El paisaje vegetal que jalonaba la vertiente sur de la isla de Tenerife en los albores del siglo XVI no era mismo que en la actualidad, aunque la escasez de agua y aridez de sus terrenos sí que era similar. A pesar de ello, existían pequeños "oasis" que rompían con esta realidad. Uno de ellos, era el que conformaba el núcleo originario del pueblo de Adeje, cercano al cual se encontraba un torrente de aguas casi continuas que iban desde los nacientes de la cumbre hasta el mar, el conocido en la época como "Río de Adexe".
La cantidad de agua que transcurría por él, contribuyó a la llegada de los primeros pobladores europeos, convirtiéndose la comarca en un valor muy apreciado dentro de los repartimientos de tierra que se llevaron a cabo tras la conquista. Las piletas en los riscos, las pocetas en el barranco o las pequeñas albercas que tenían los aborígenes para cubrir sus necesidades, pronto vieron añadidas nuevas estructuras hidráulicas que formaron un sistema más complejo.

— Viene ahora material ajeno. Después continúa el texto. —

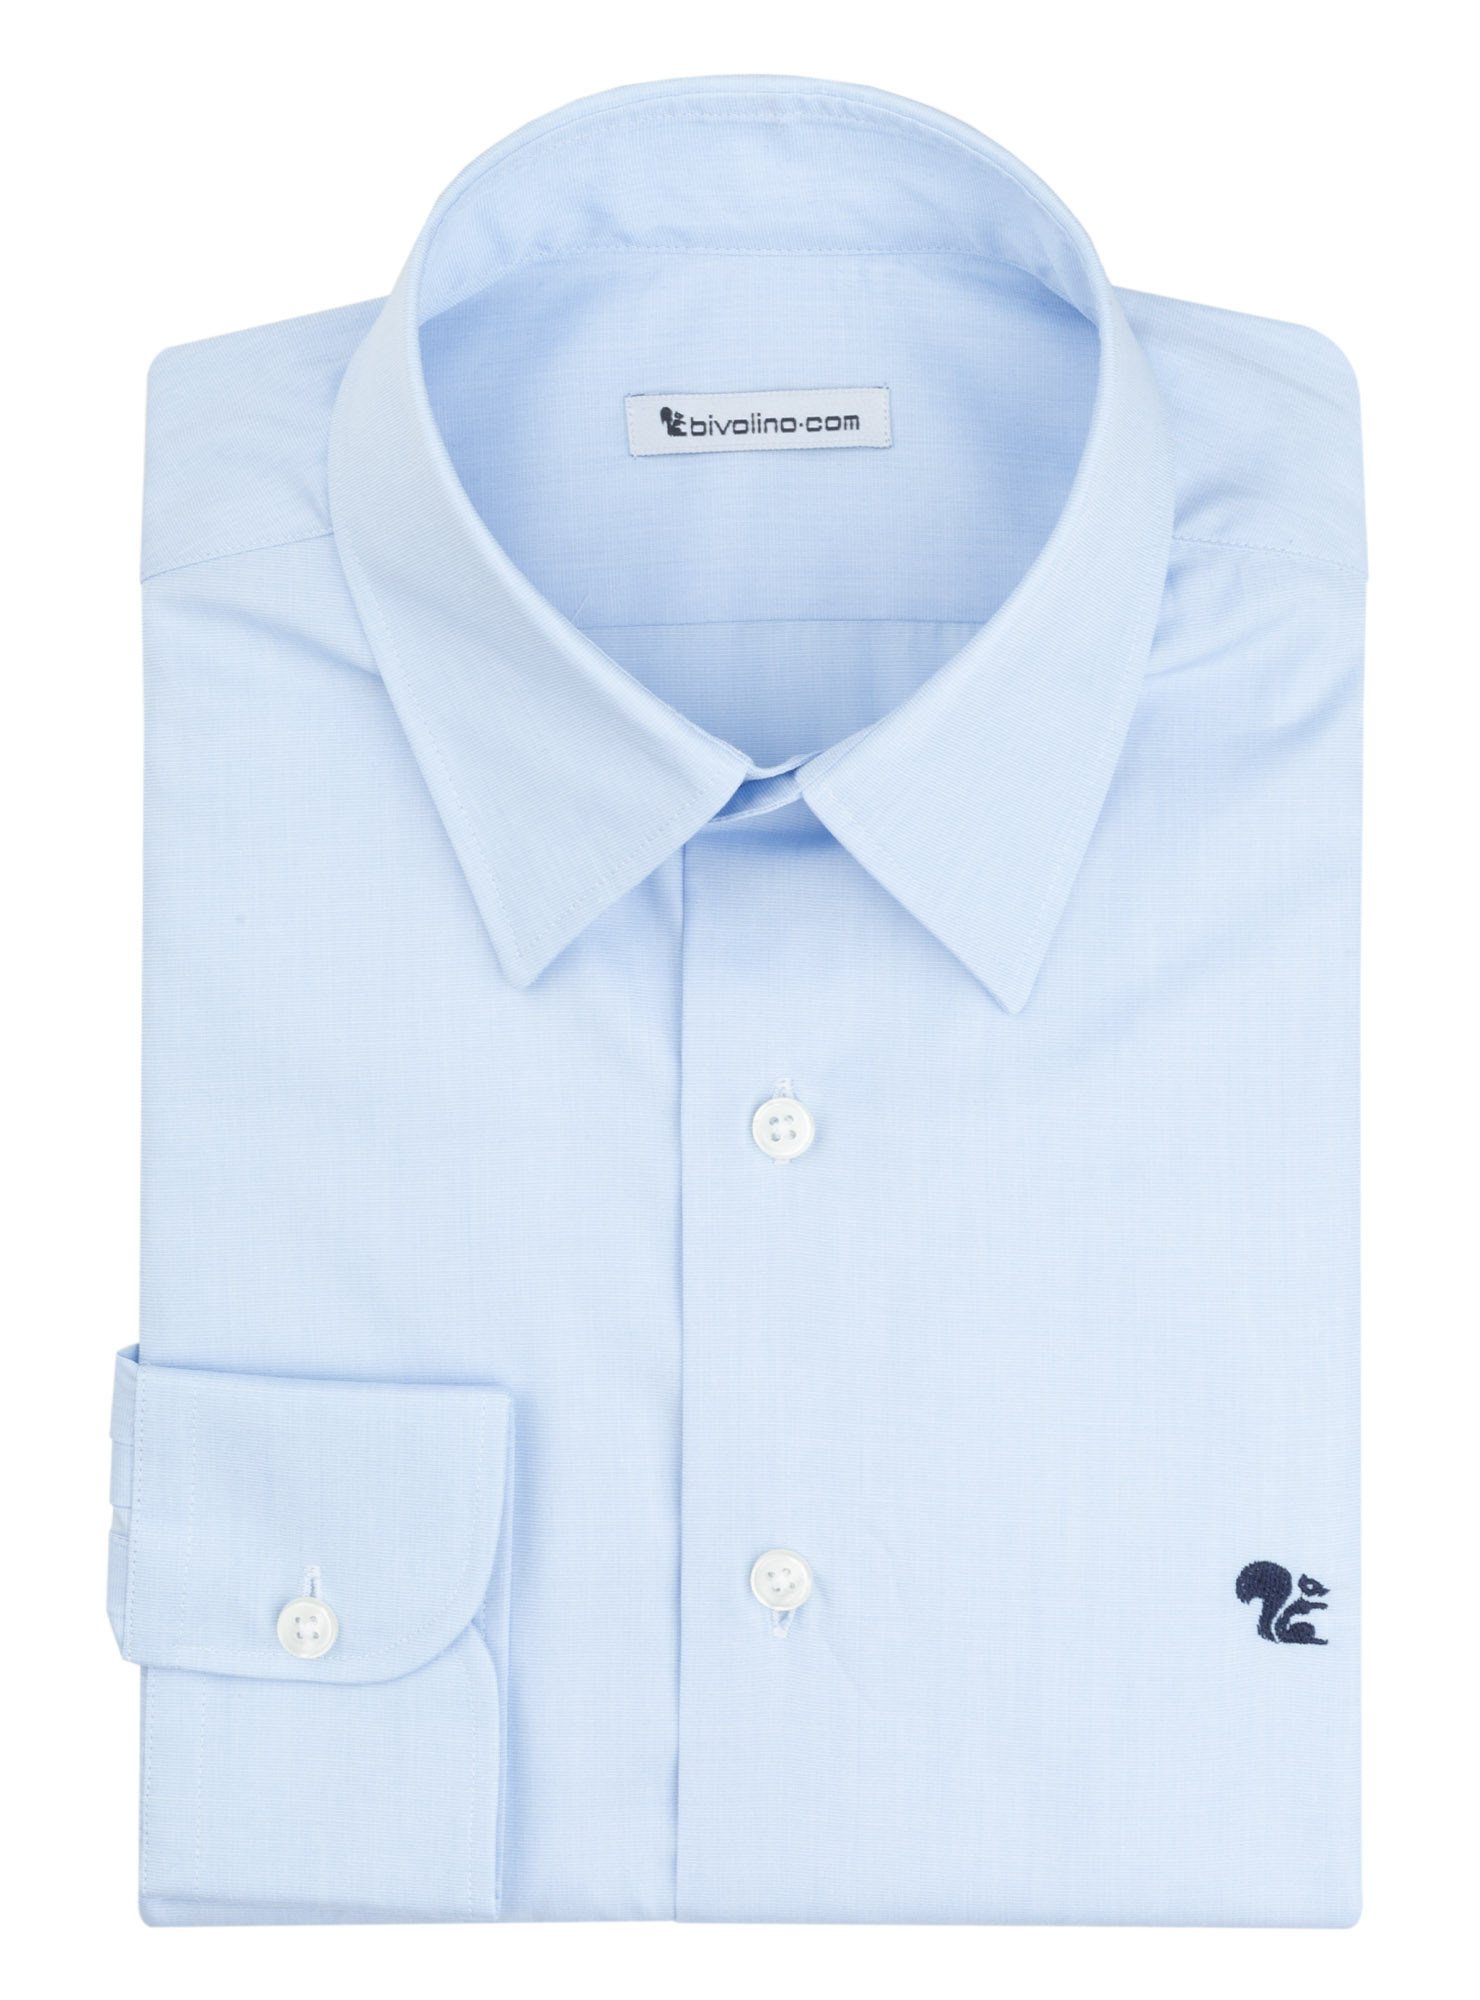 AOSTA - Camisa lisa azul cielo de punta a punta para hombre - PARTY 2
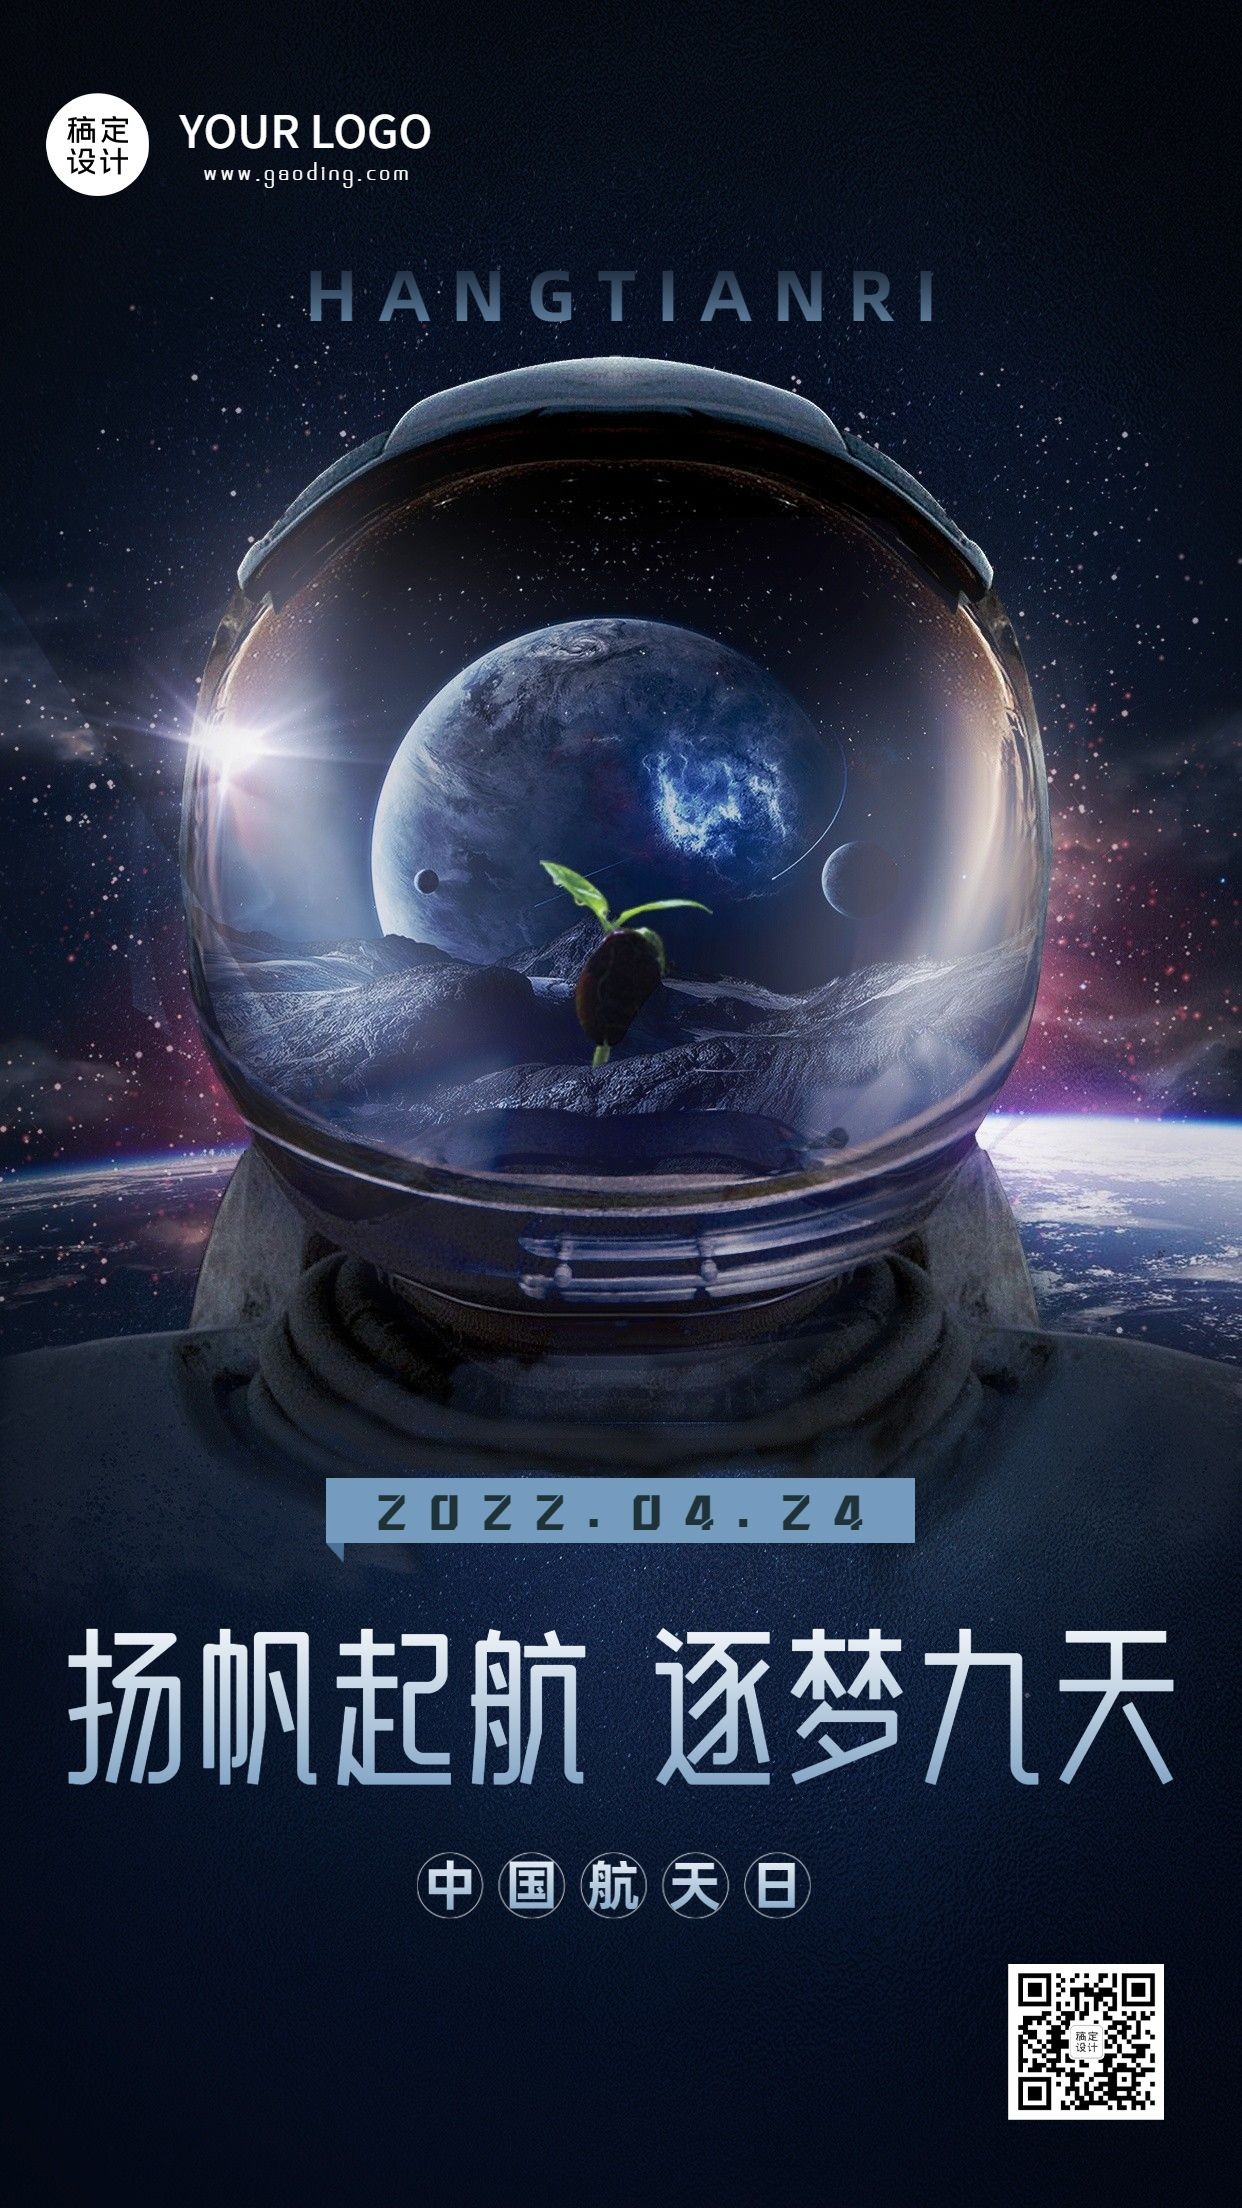 中国航天日节日宣传手机海报预览效果

Comenzaron a construirse acequias, tajeas, estanques y molinos, que distribuían y depositaban el líquido elemento a la manera y forma que los dueños de la heredad establecieron. Estos canales se hicieron en forma de excavaciones reforzadas con muros de piedra o con obra de fábrica en mampostería ordinaria, además de con madera de tea, transportando el agua del interior del barranco hasta las cercanías de la Casa Fuerte y el ingenio, además de a los cultivos situados a su alrededor. El mantenimiento y cuidado de todas estas estructuras era absolutamente primordial, como queda recogido en este fragmento:
"Esta (el agua) mantiene la Hacienda y Casa de Adeje, y así en la primera cosa que se debe mirar, haciendo se aproveche y que no se desperdicie ninguna por descuido..."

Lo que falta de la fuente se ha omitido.